Each entry must be given again exactly as it appears, with images excluded.
####################
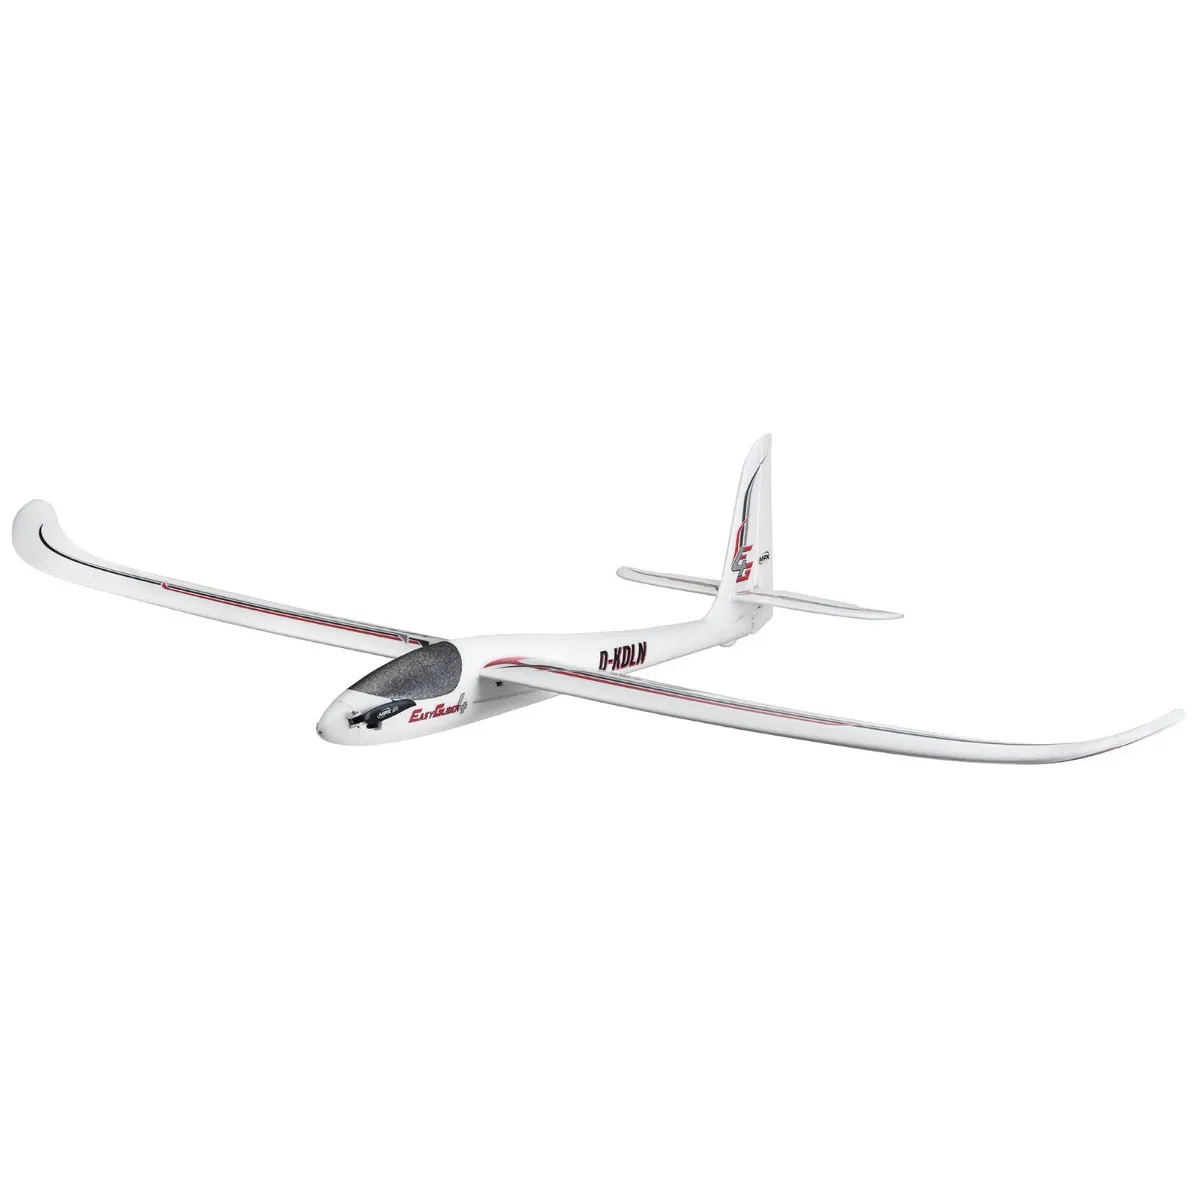 Multiplex Easy Glider 4 RC Plane, Receiver Ready, MPX1-02828
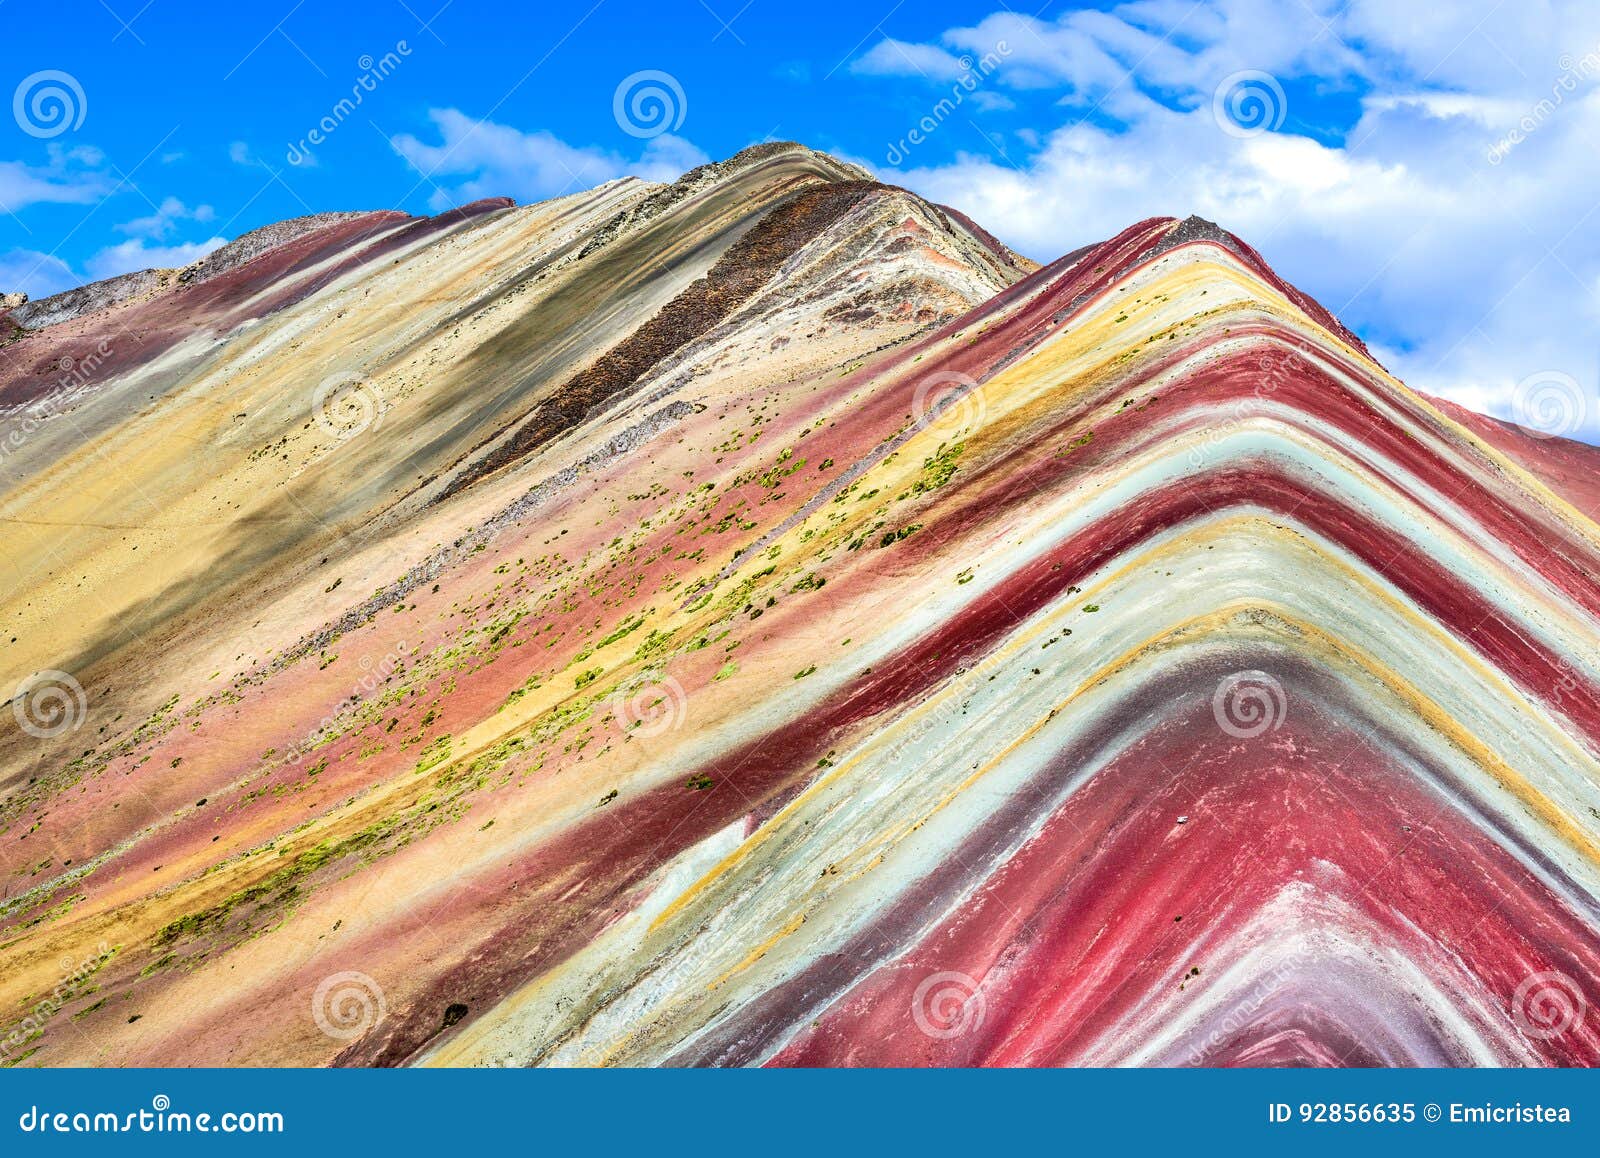 vinicunca, rainbow mountain - peru
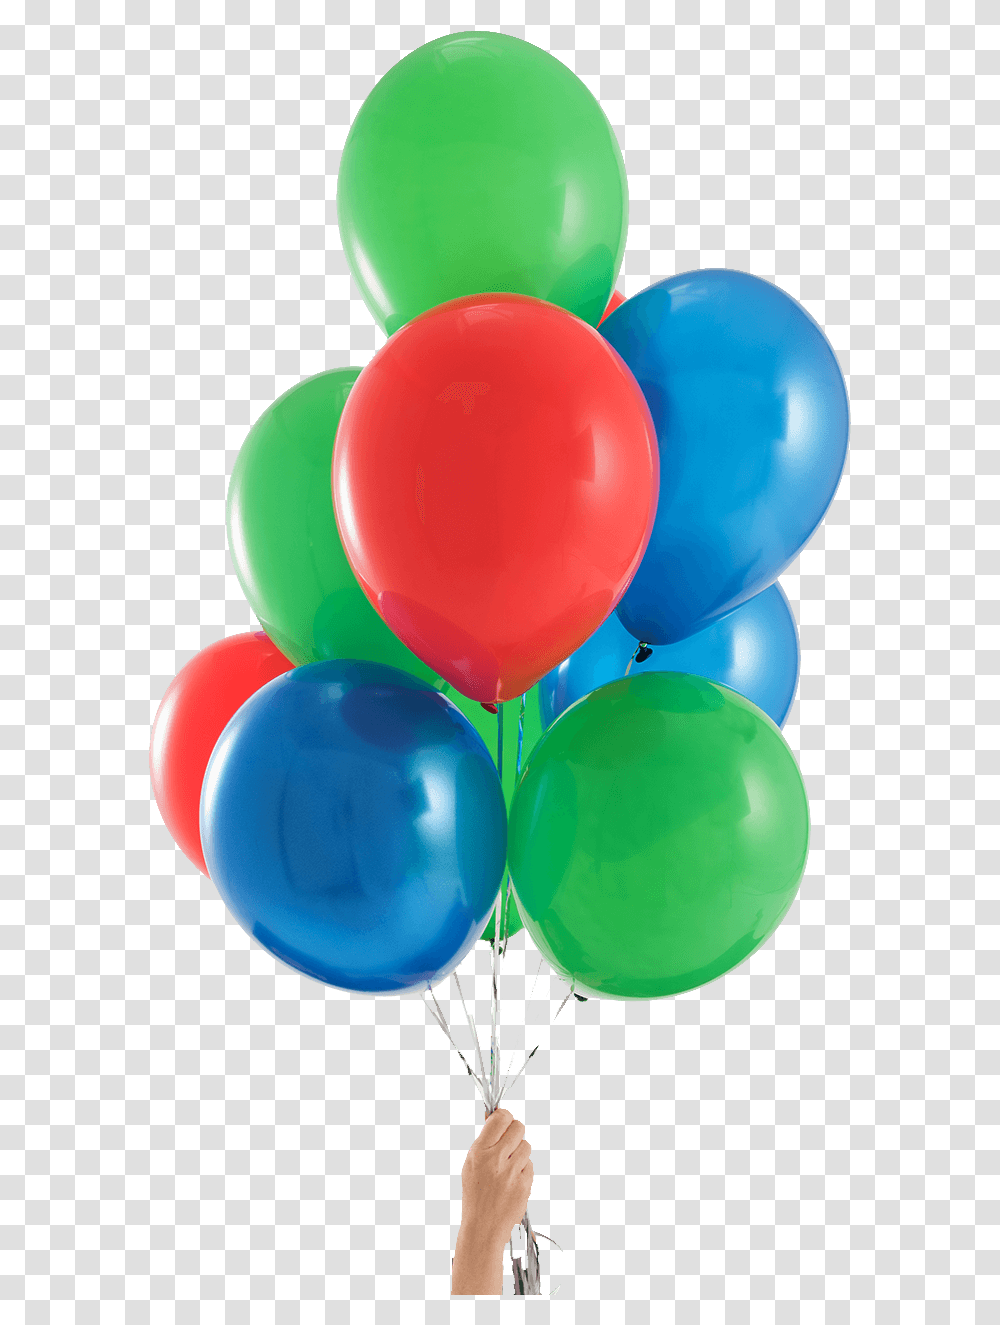 Pj Mask Party Balloons Pj Masks Balloons Transparent Png
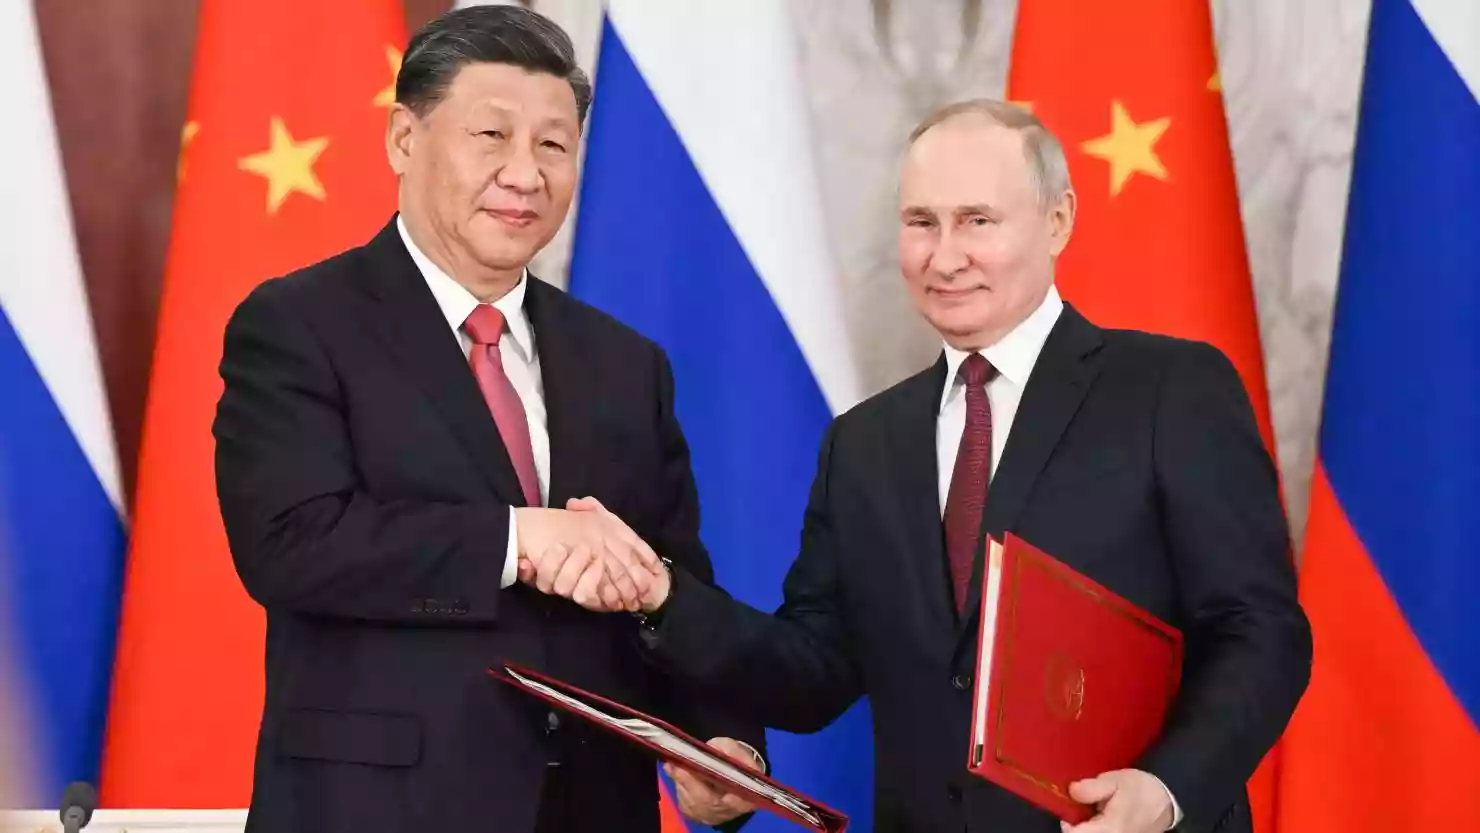 Putin and Xi Praise Strengthened Russia-China Alliance at SCO Summit
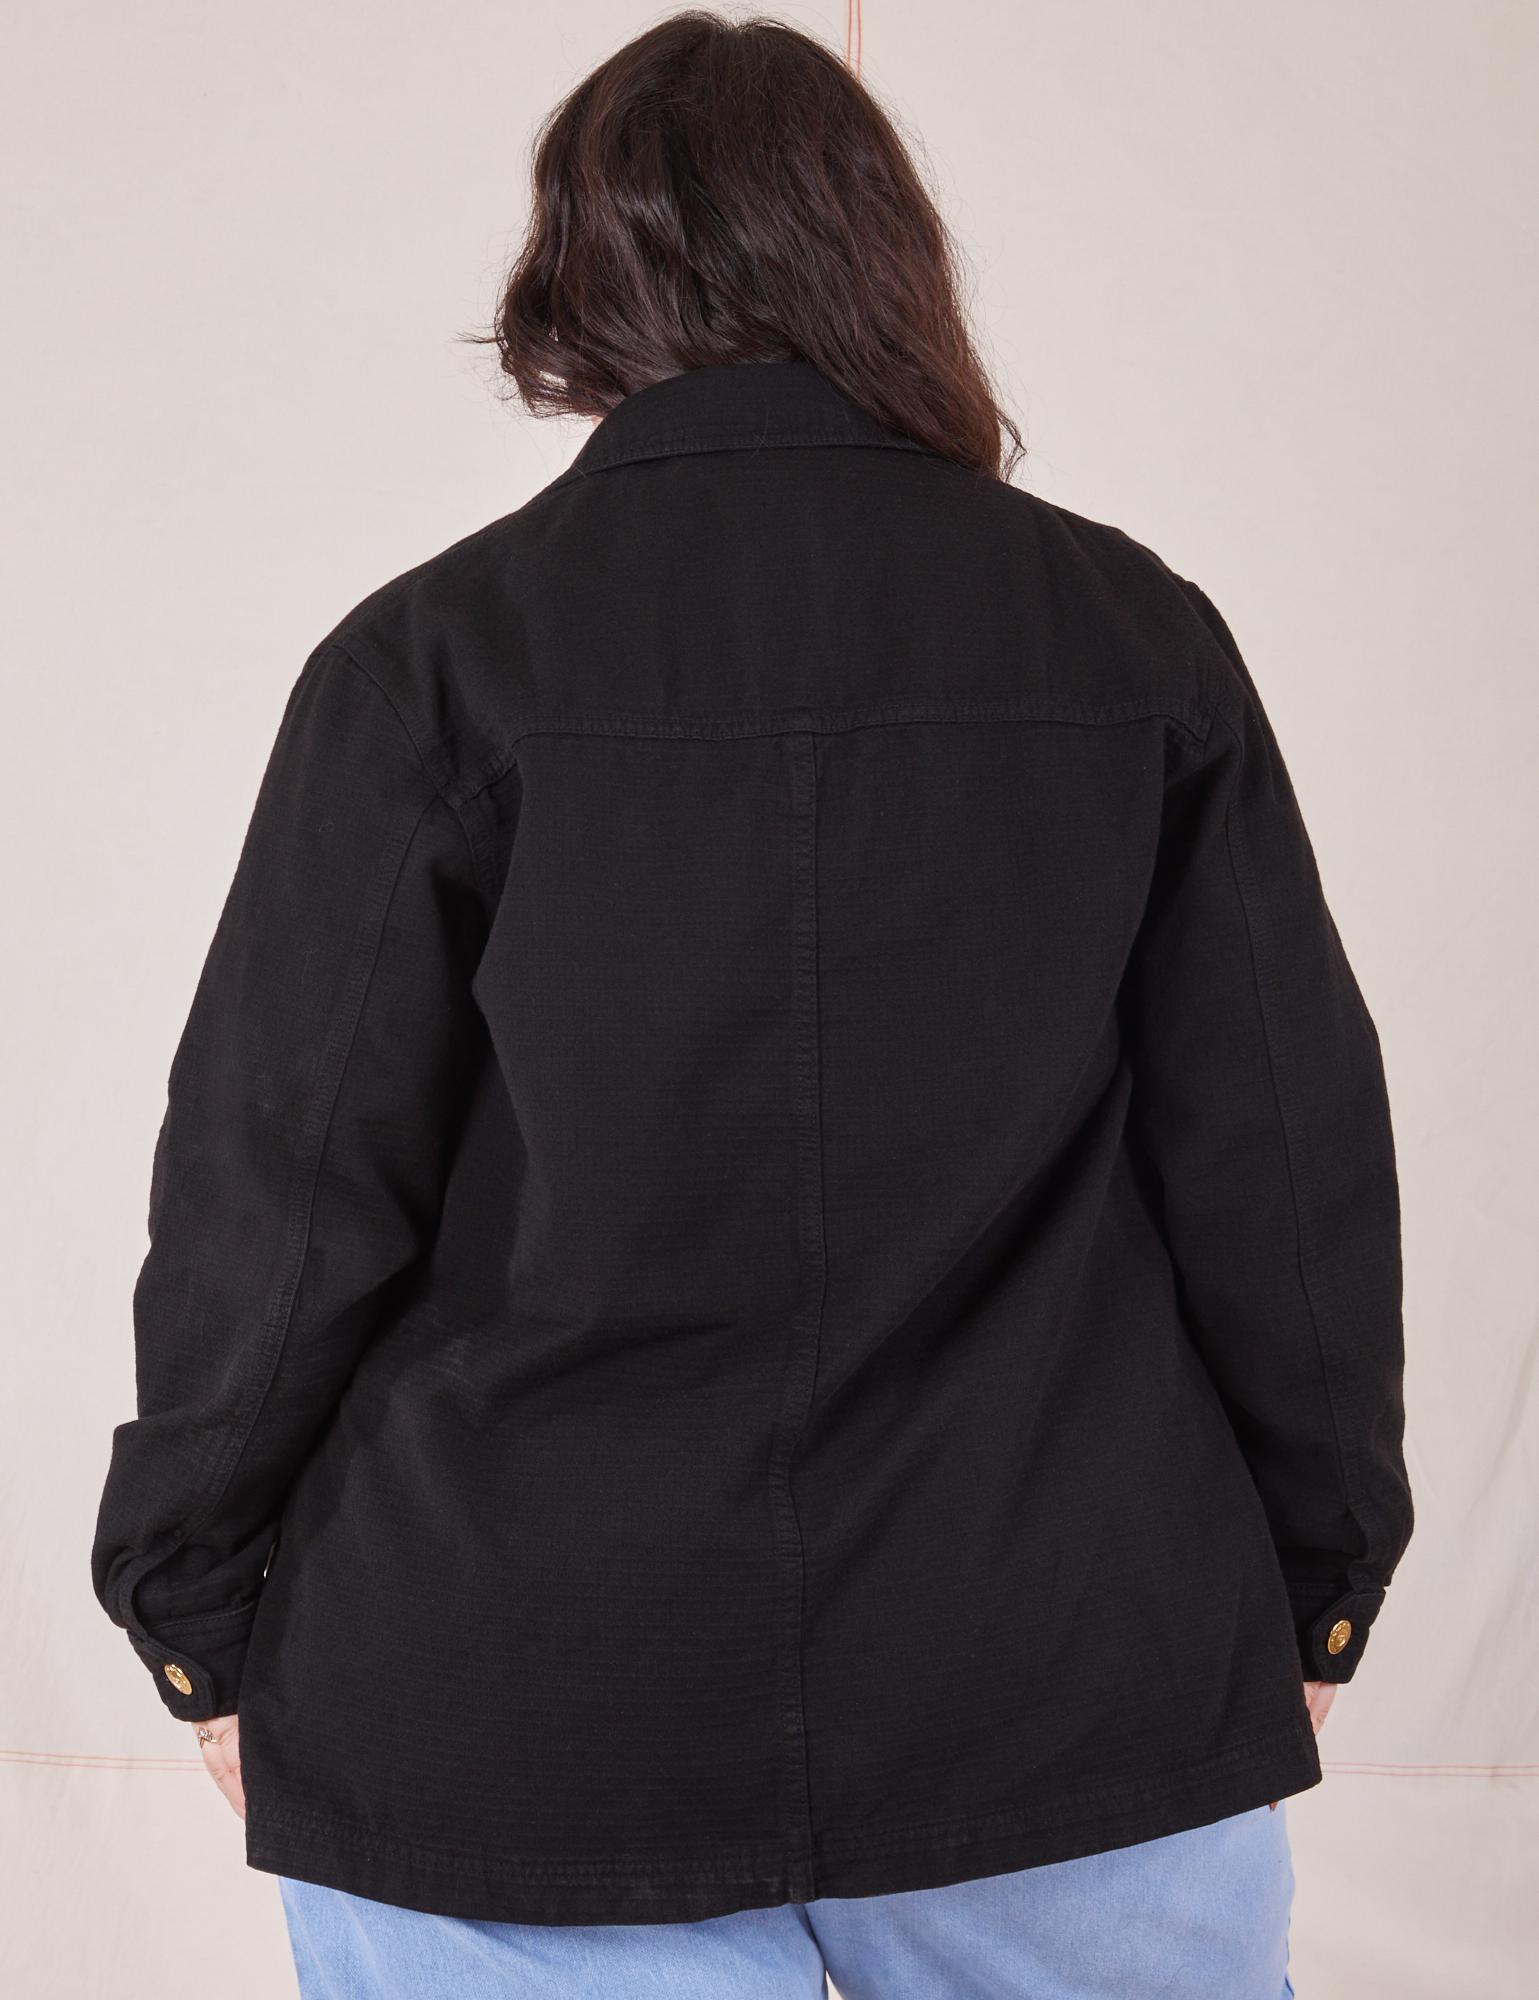 Field Coat in Basic Black back view on Ashley
####################
§ Output below:
 Multiplex Easy Glider 4 RC Plane, Receiver Ready, MPX1-02828
 vinicunca, rainbow mountain - peru
 Pj Mask Party Balloons Pj Masks Balloons Transparent Png
 Putin and Xi Praise Strengthened Russia-China Alliance at SCO Summit
 Field Coat in Basic Black back view on Ashley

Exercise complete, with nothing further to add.